Give the records again exactly as written. Leave out the pictures.

INPUT FOR THIS TASK:

———

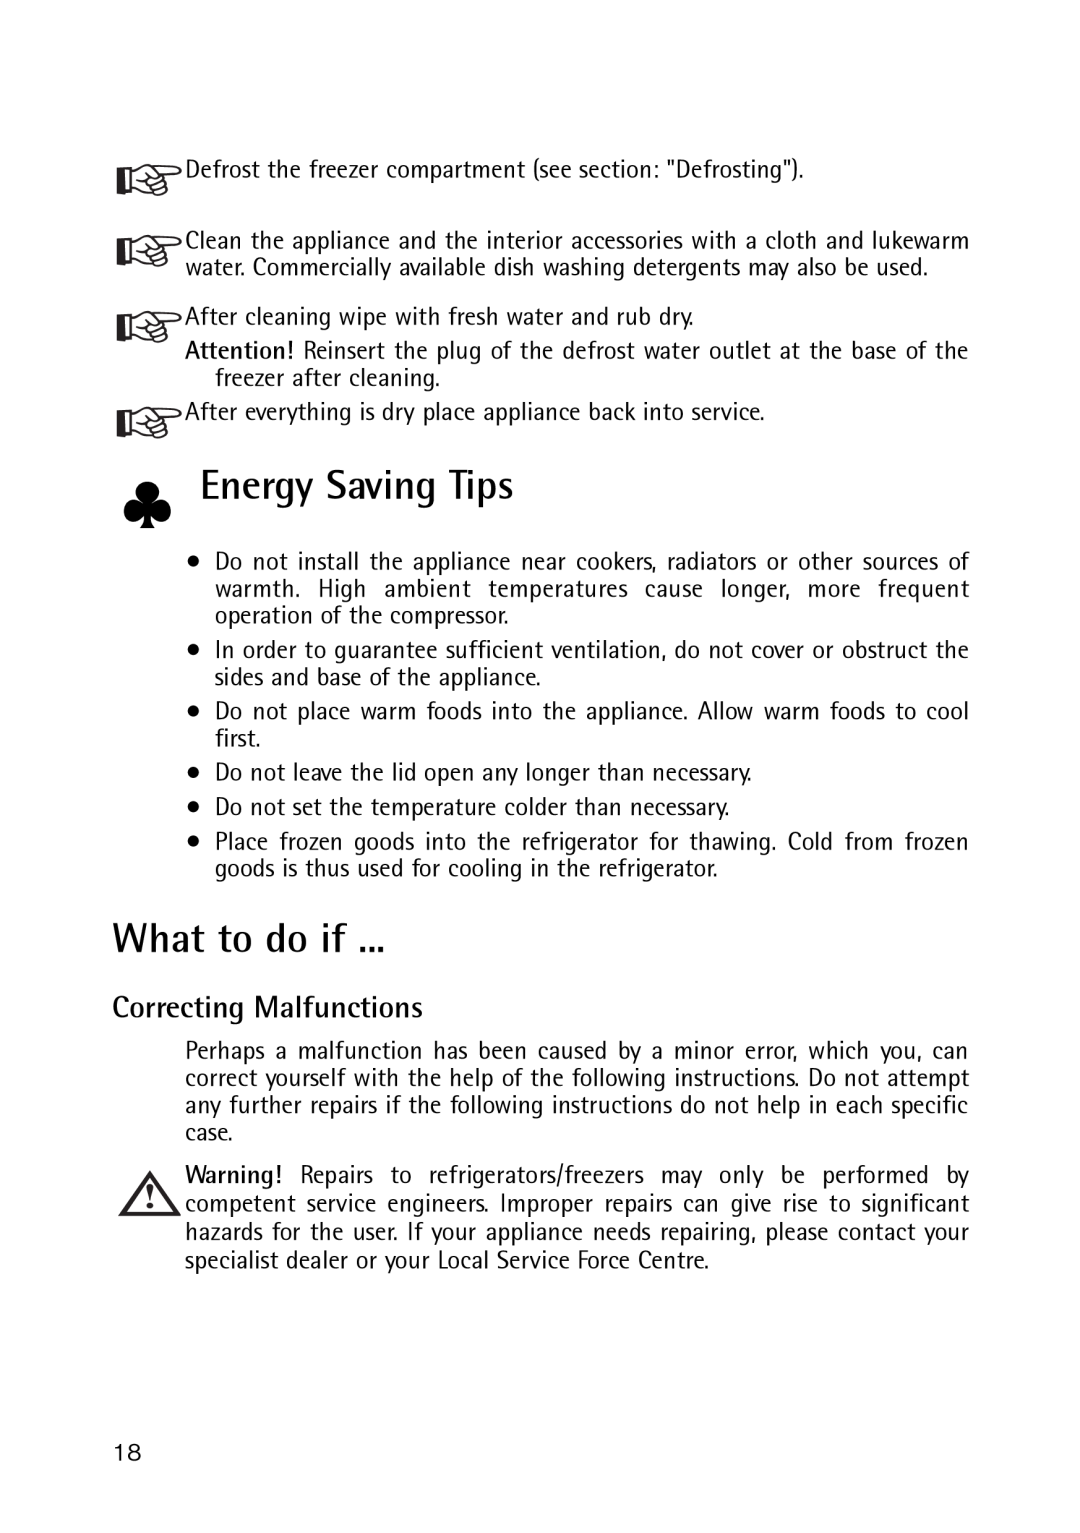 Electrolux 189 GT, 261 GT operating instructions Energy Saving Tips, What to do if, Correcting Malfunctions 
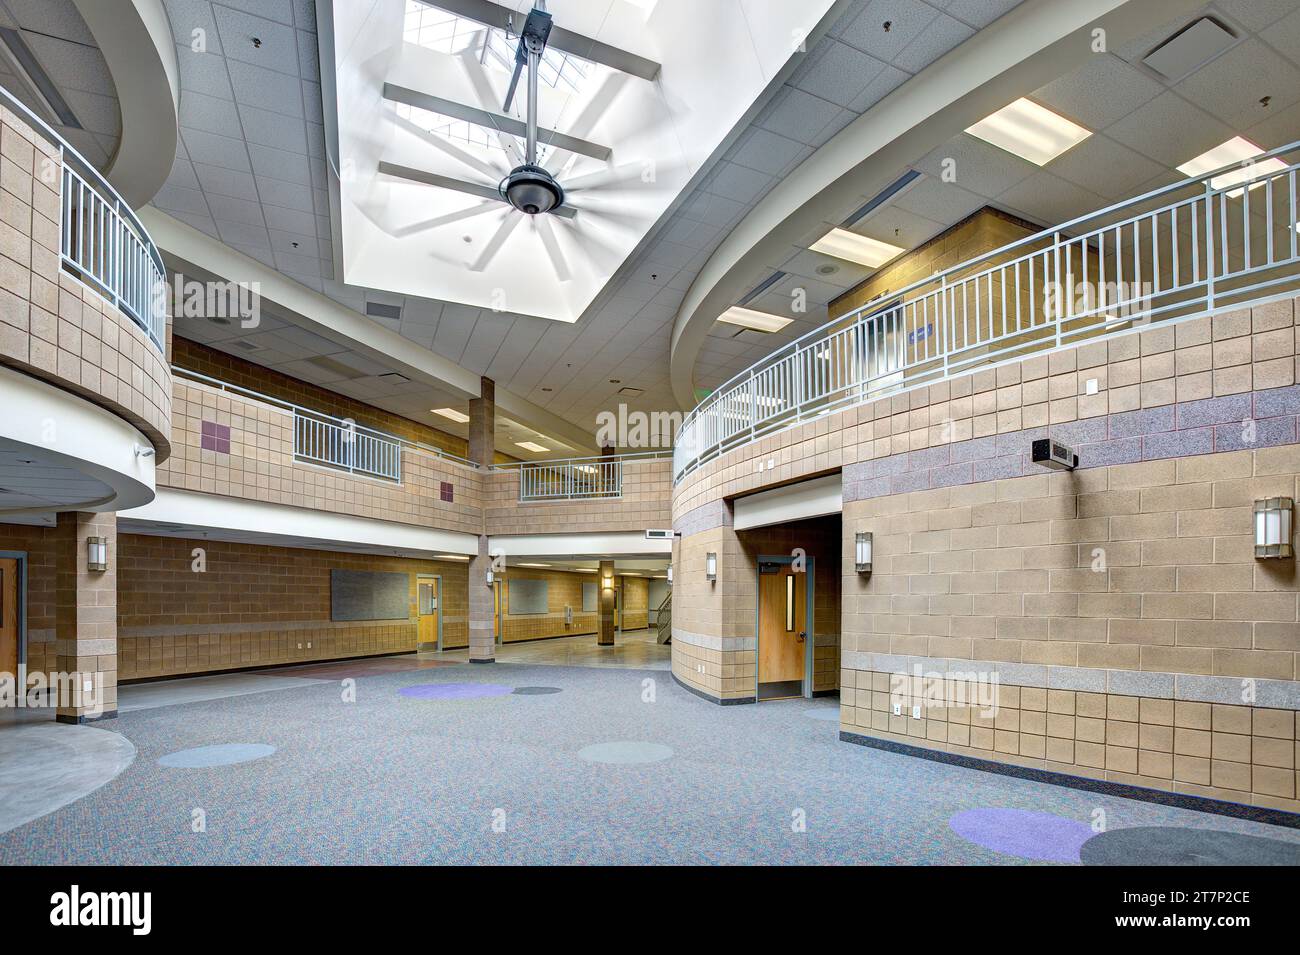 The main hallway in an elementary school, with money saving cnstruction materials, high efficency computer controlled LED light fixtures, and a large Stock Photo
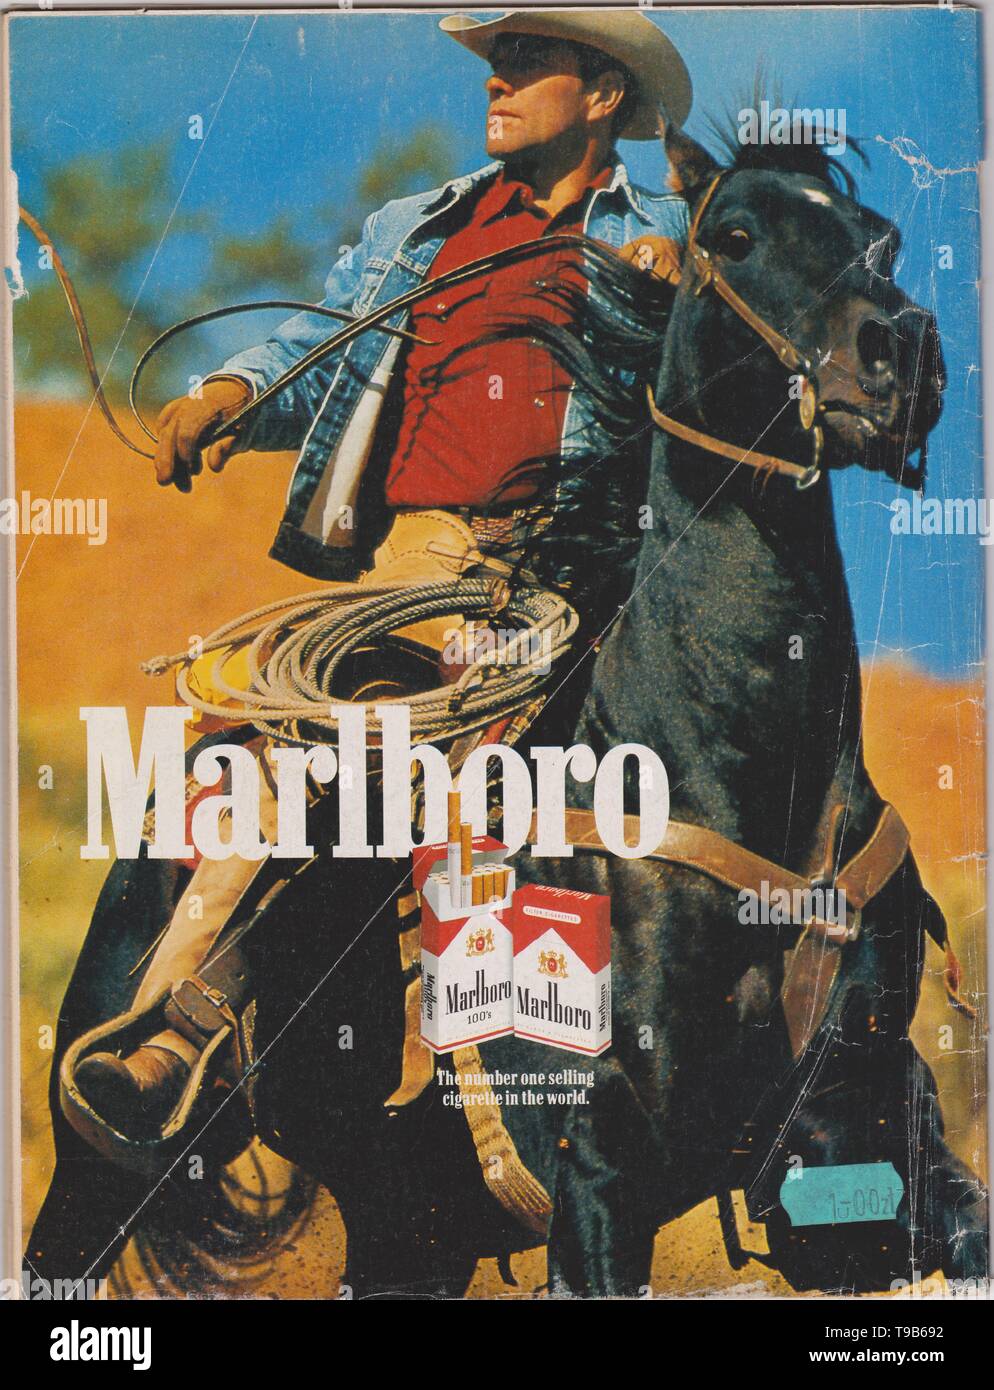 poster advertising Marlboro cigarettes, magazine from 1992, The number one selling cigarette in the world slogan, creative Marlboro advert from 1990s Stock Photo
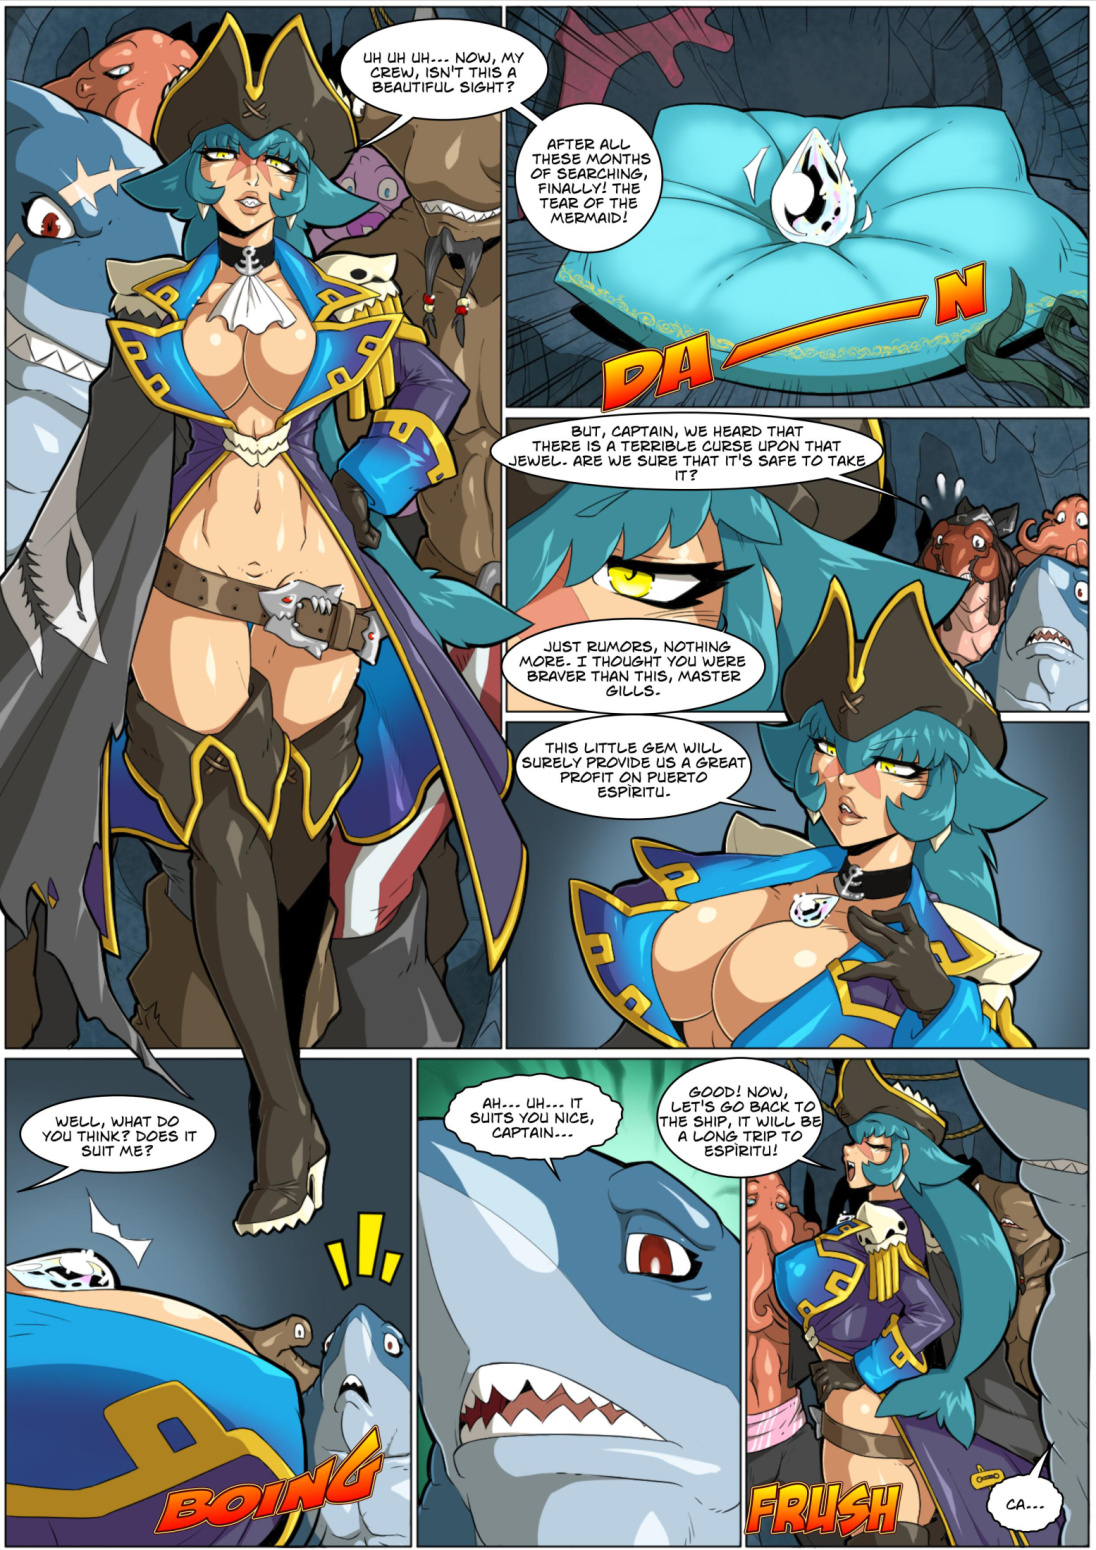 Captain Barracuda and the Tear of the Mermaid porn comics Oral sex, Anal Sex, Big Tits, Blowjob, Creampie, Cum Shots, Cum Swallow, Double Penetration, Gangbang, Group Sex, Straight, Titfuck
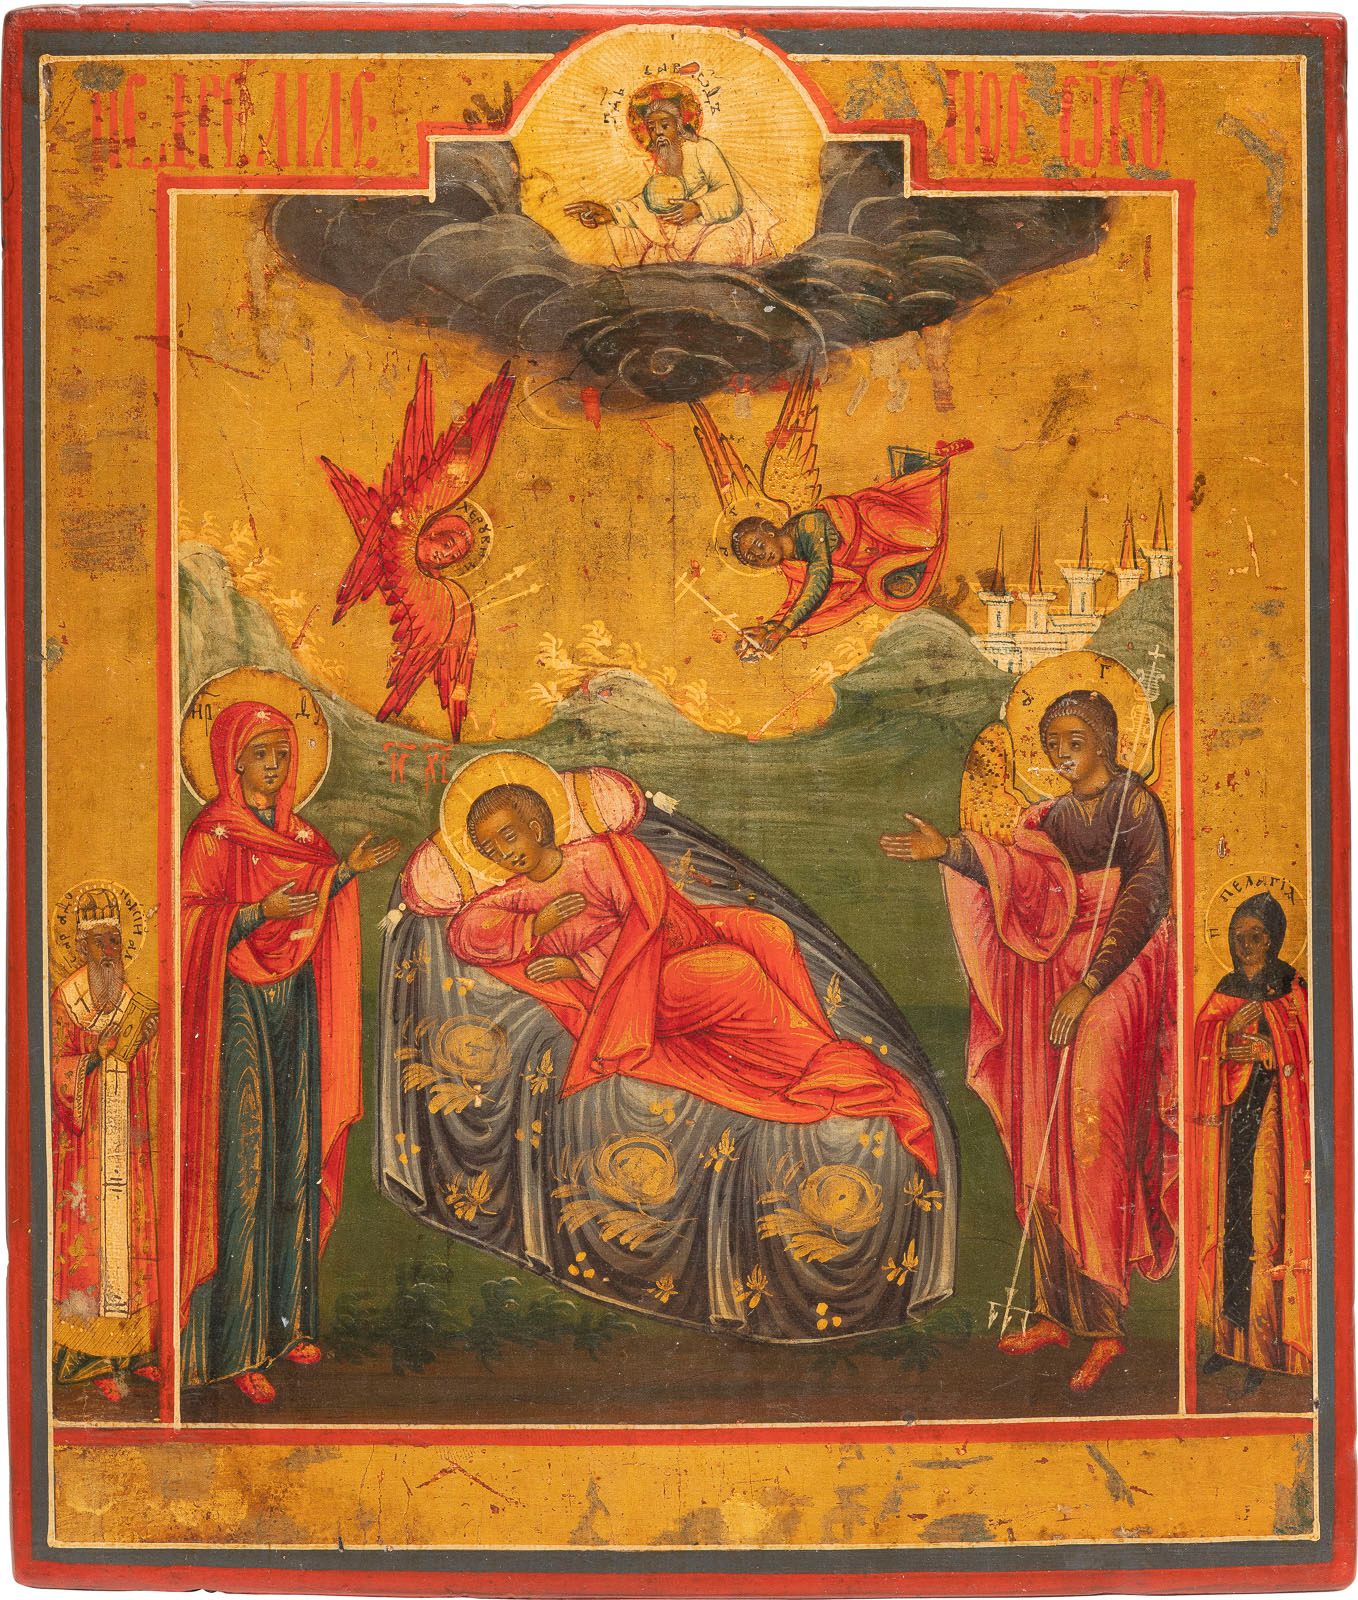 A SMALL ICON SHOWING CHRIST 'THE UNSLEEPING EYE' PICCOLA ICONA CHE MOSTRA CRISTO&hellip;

———

REPLY:
 Electrolux 189 GT, 261 GT operating instructions Energy Saving Tips, What to do if, Correcting Malfunctions 
 The main hallway in an elementary school, with money saving cnstruction materials, high efficency computer controlled LED light fixtures, and a large Stock Photo
 poster advertising Marlboro cigarettes, magazine from 1992, The number one selling cigarette in the world slogan, creative Marlboro advert from 1990s Stock Photo
 Captain Barracuda and the Tear of the Mermaid porn comics Oral sex, Anal Sex, Big Tits, Blowjob, Creampie, Cum Shots, Cum Swallow, Double Penetration, Gangbang, Group Sex, Straight, Titfuck
 A SMALL ICON SHOWING CHRIST 'THE UNSLEEPING EYE' PICCOLA ICONA CHE MOSTRA CRISTO&hellip;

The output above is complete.